§ **TASK DETAILS**: Repeat the listing exactly. The images do not belong in the copy.

§ **INFORMATION PROVIDED**:

=== Section Start ===

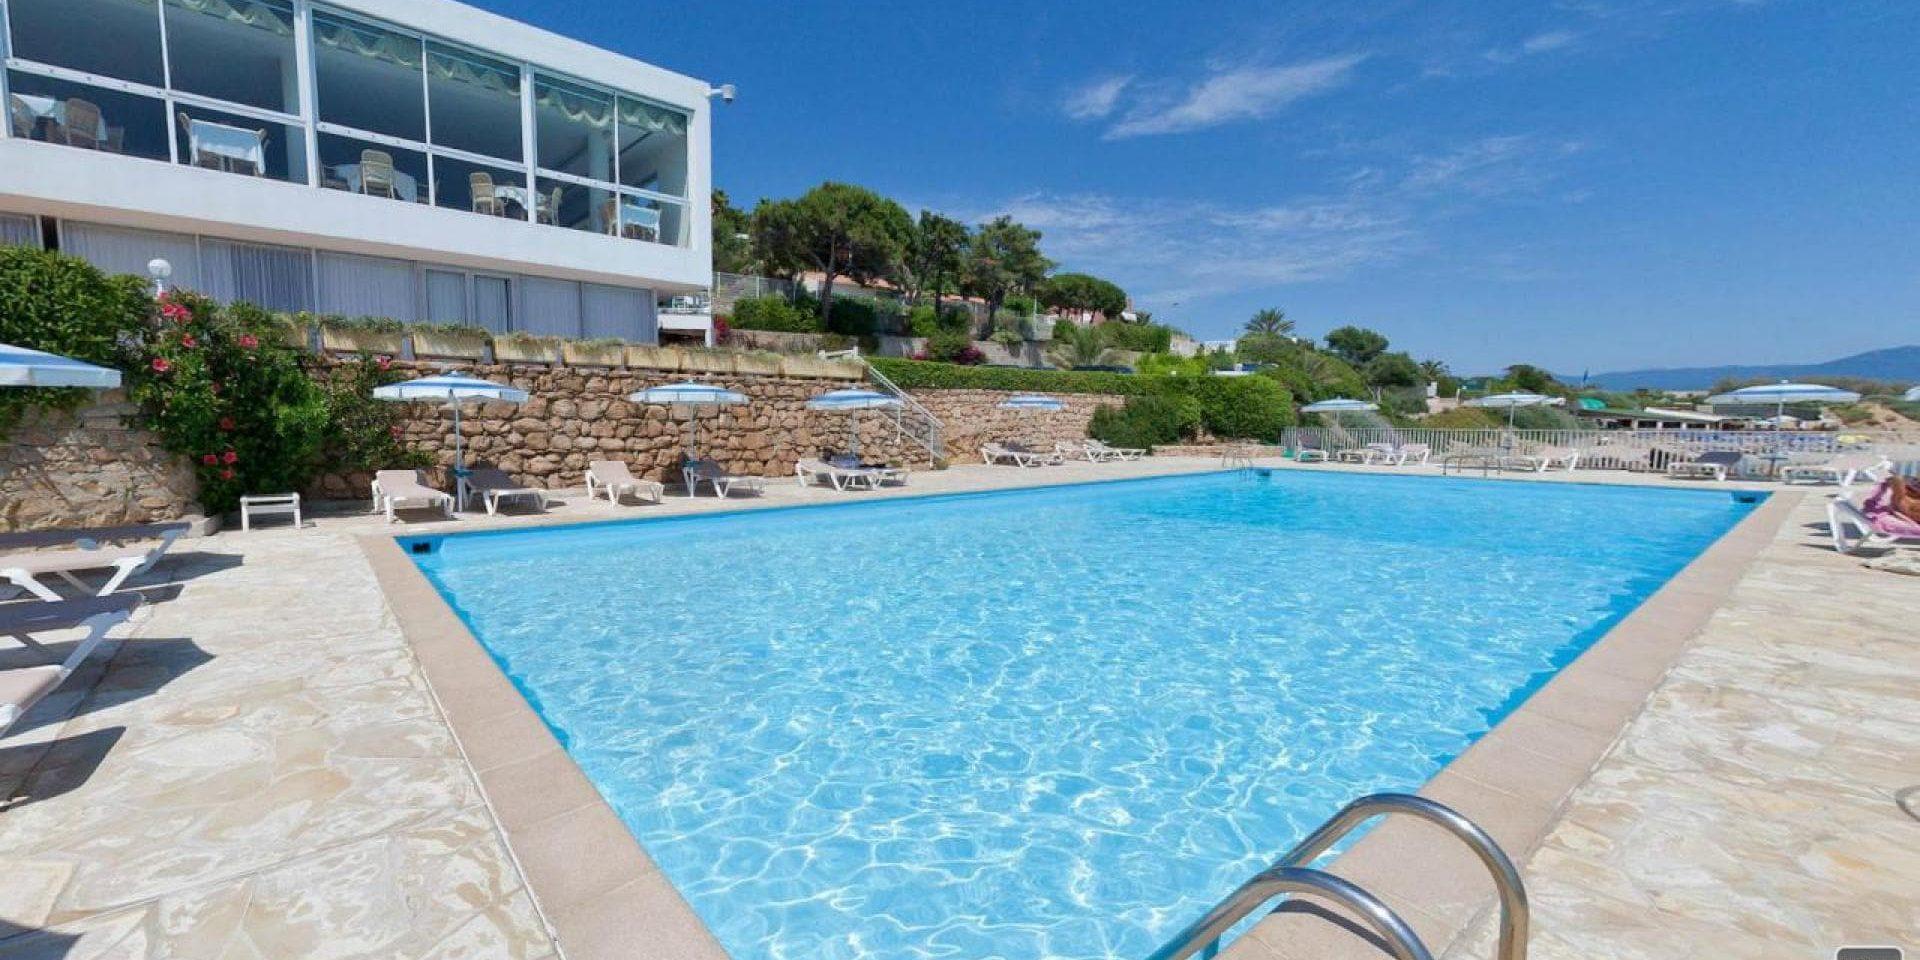 Hotel Cala di Sole Ajaccio Corsica Frankrijk zwembad ligbedden parasols
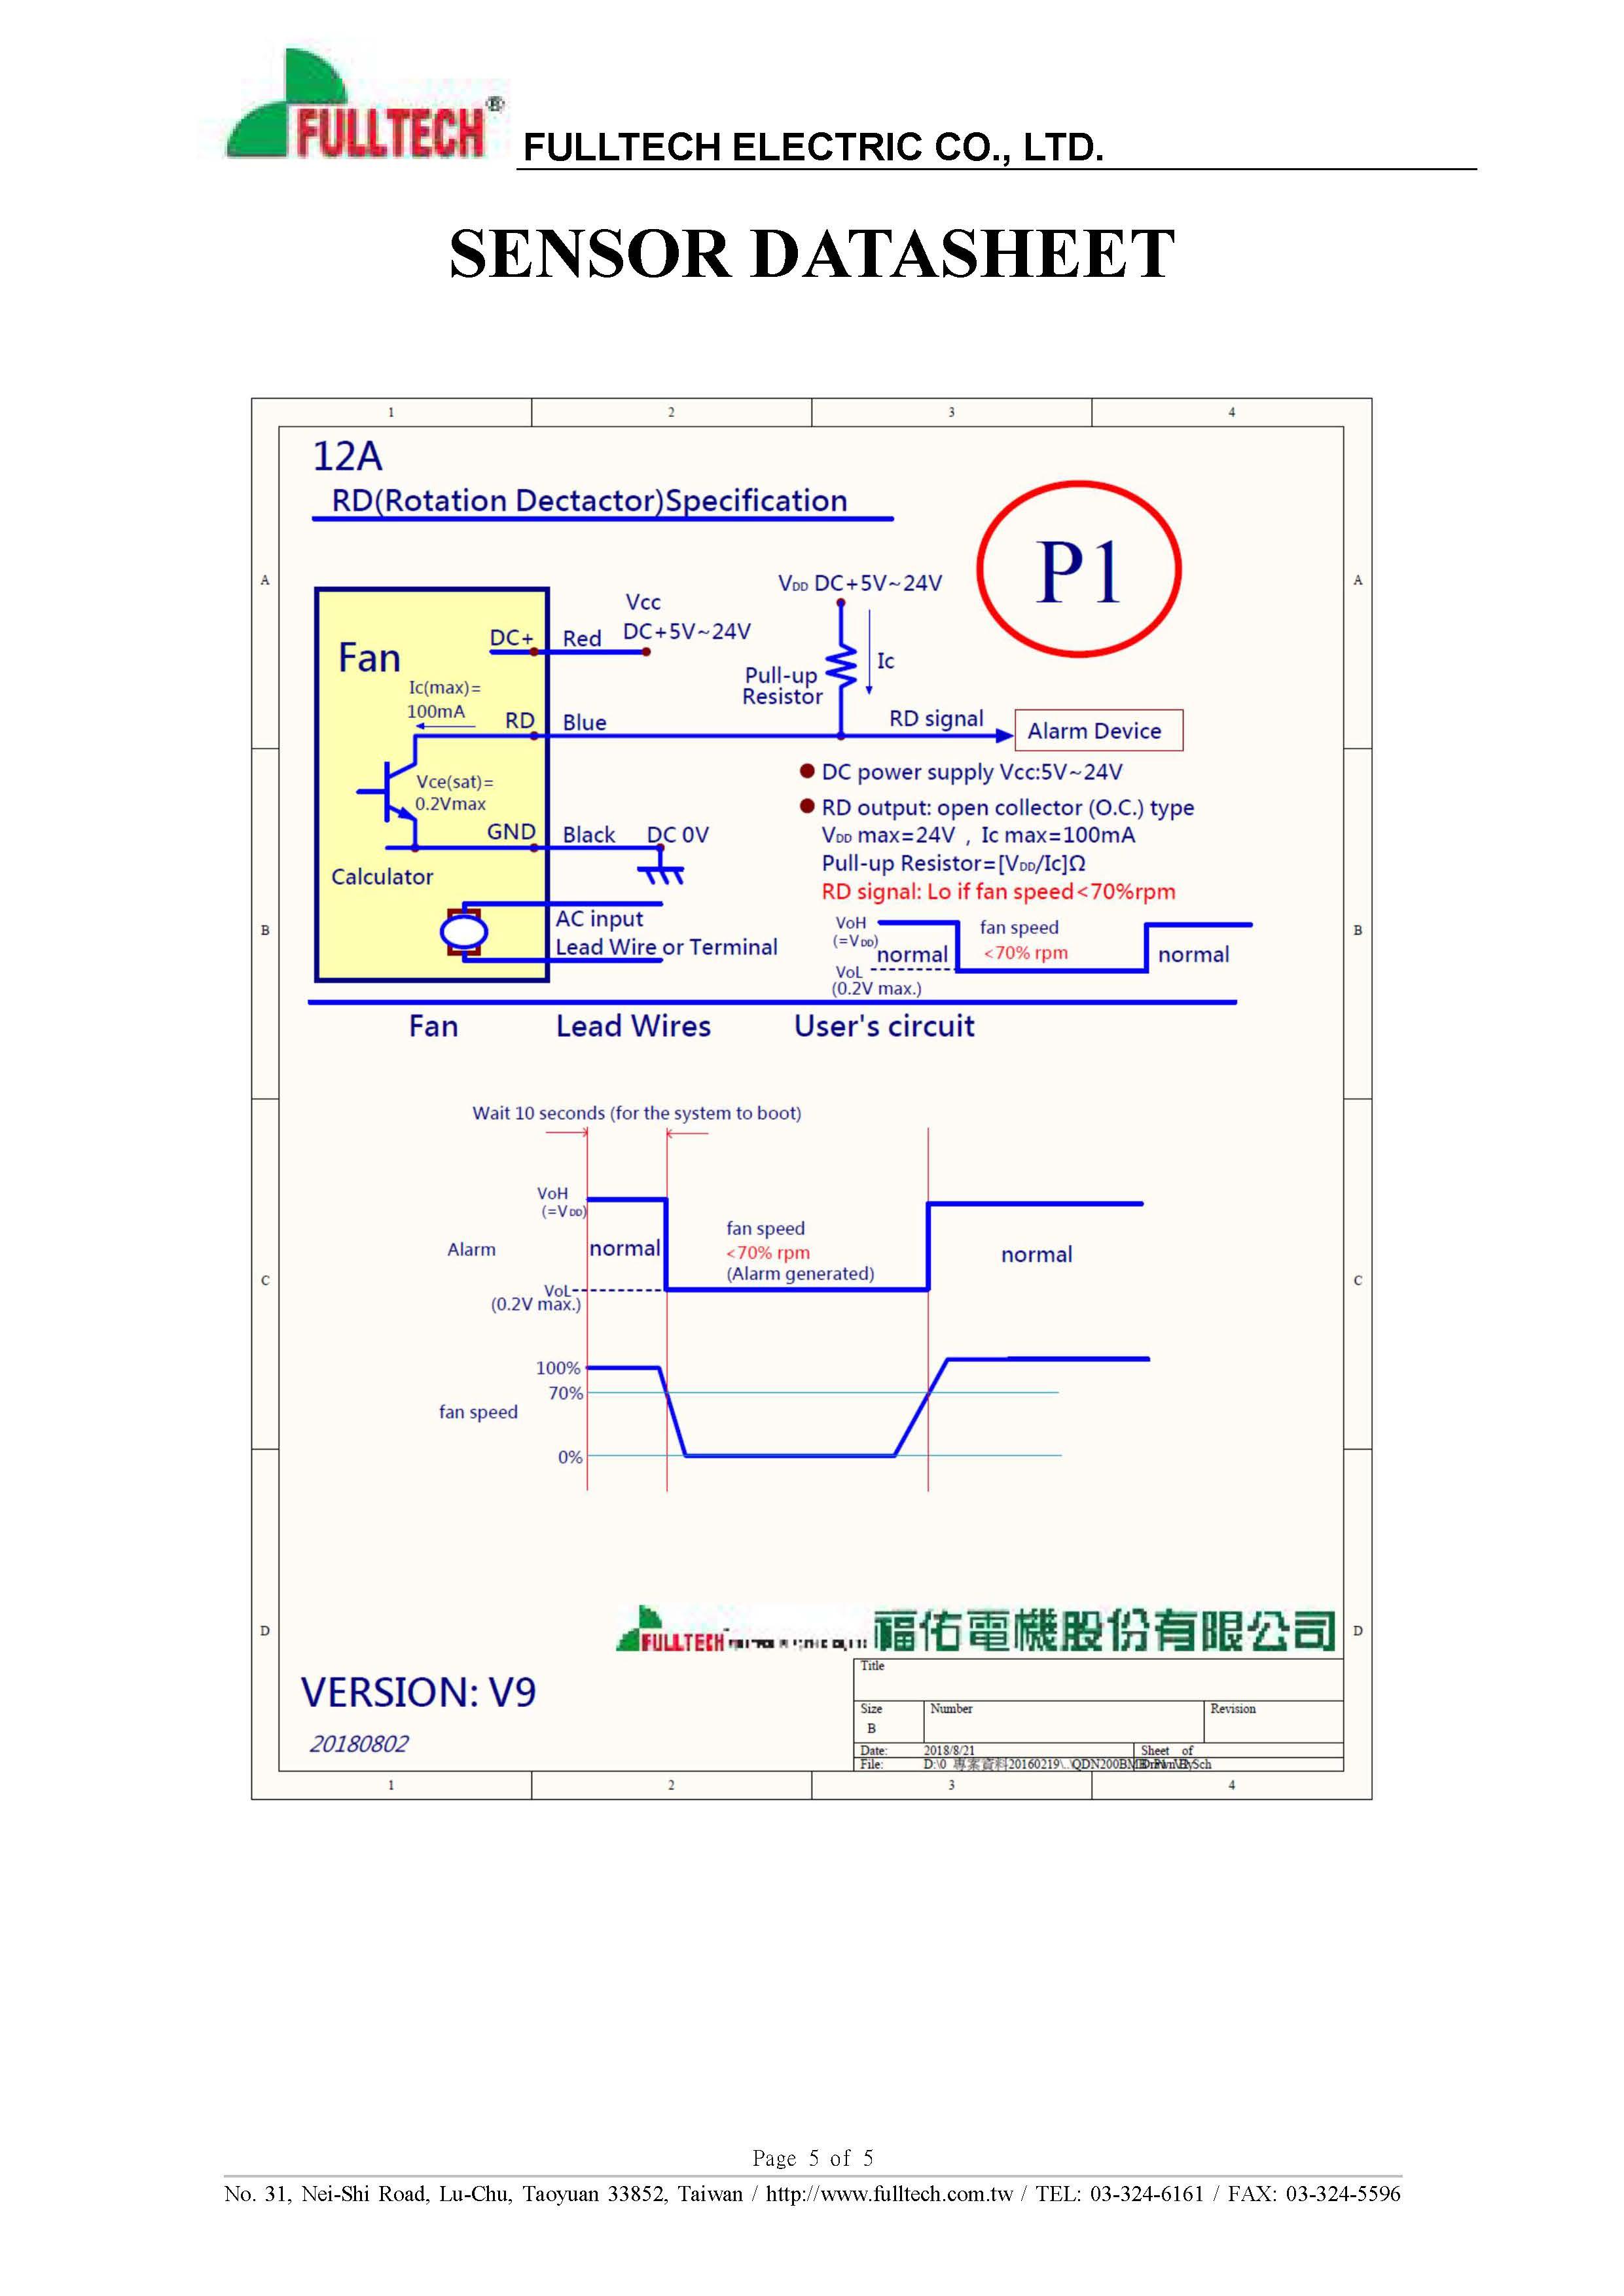 UF12A23BTHP1 Data sheet_페이지_5.jpg
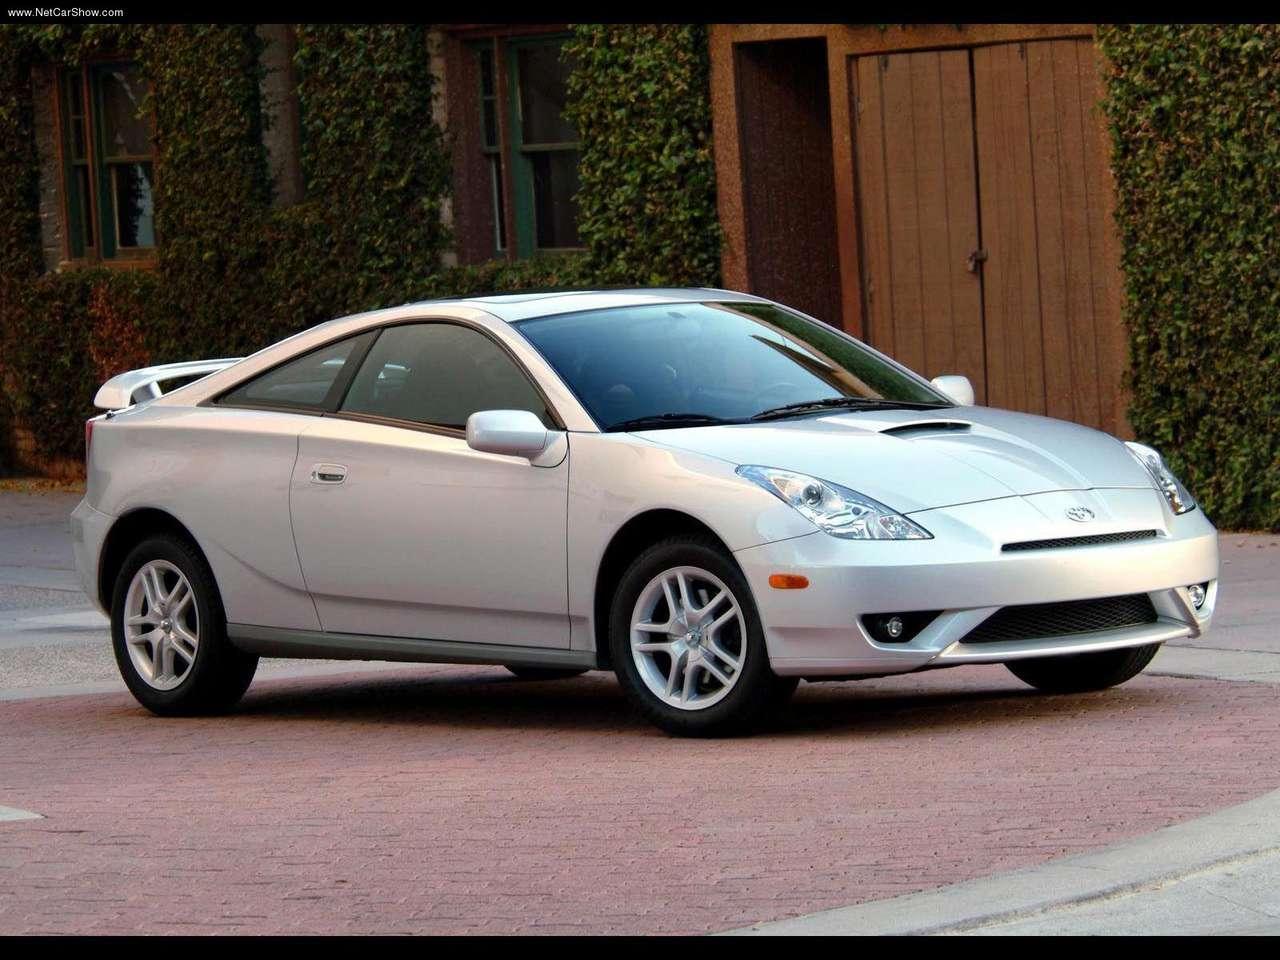 http://1.bp.blogspot.com/_xhqjRo6NERQ/S8mwif5o3xI/AAAAAAAAIOY/7Qga0M2CV-0/s1600/Toyota-Celica_GTS_2003_1280x960_wallpaper_02.jpg
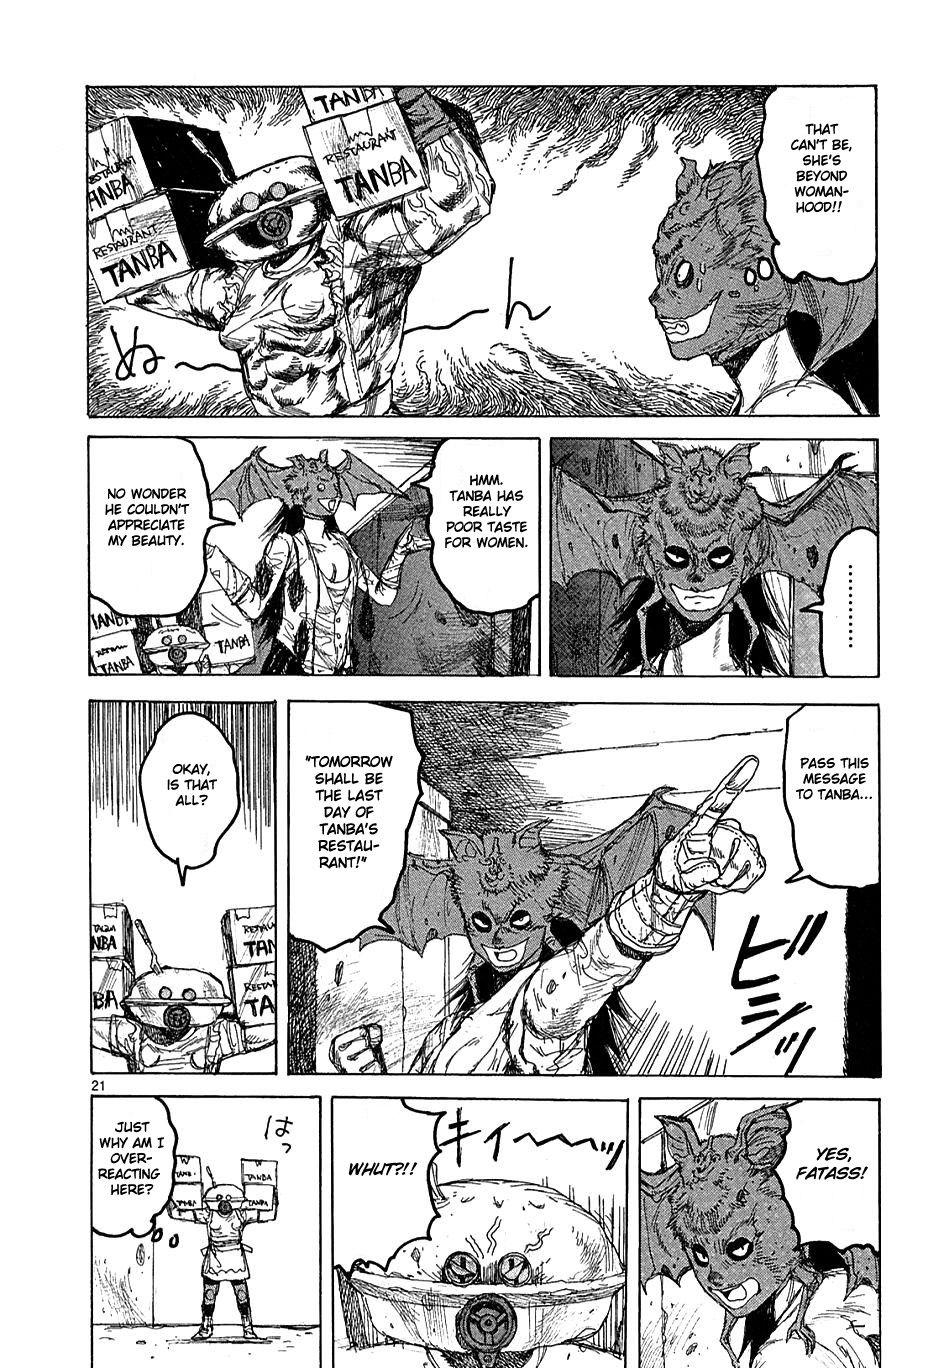 Read manga Dorohedoro 037 online in high quality (mit Bildern)

=== Section End ===

§ **TASK RESPONSE**:
 Hotel Cala di Sole Ajaccio Corsica Frankrijk zwembad ligbedden parasols
 UF12A23BTHP1 Data sheet_페이지_5.jpg
 http://1.bp.blogspot.com/_xhqjRo6NERQ/S8mwif5o3xI/AAAAAAAAIOY/7Qga0M2CV-0/s1600/Toyota-Celica_GTS_2003_1280x960_wallpaper_02.jpg
 Read manga Dorohedoro 037 online in high quality (mit Bildern)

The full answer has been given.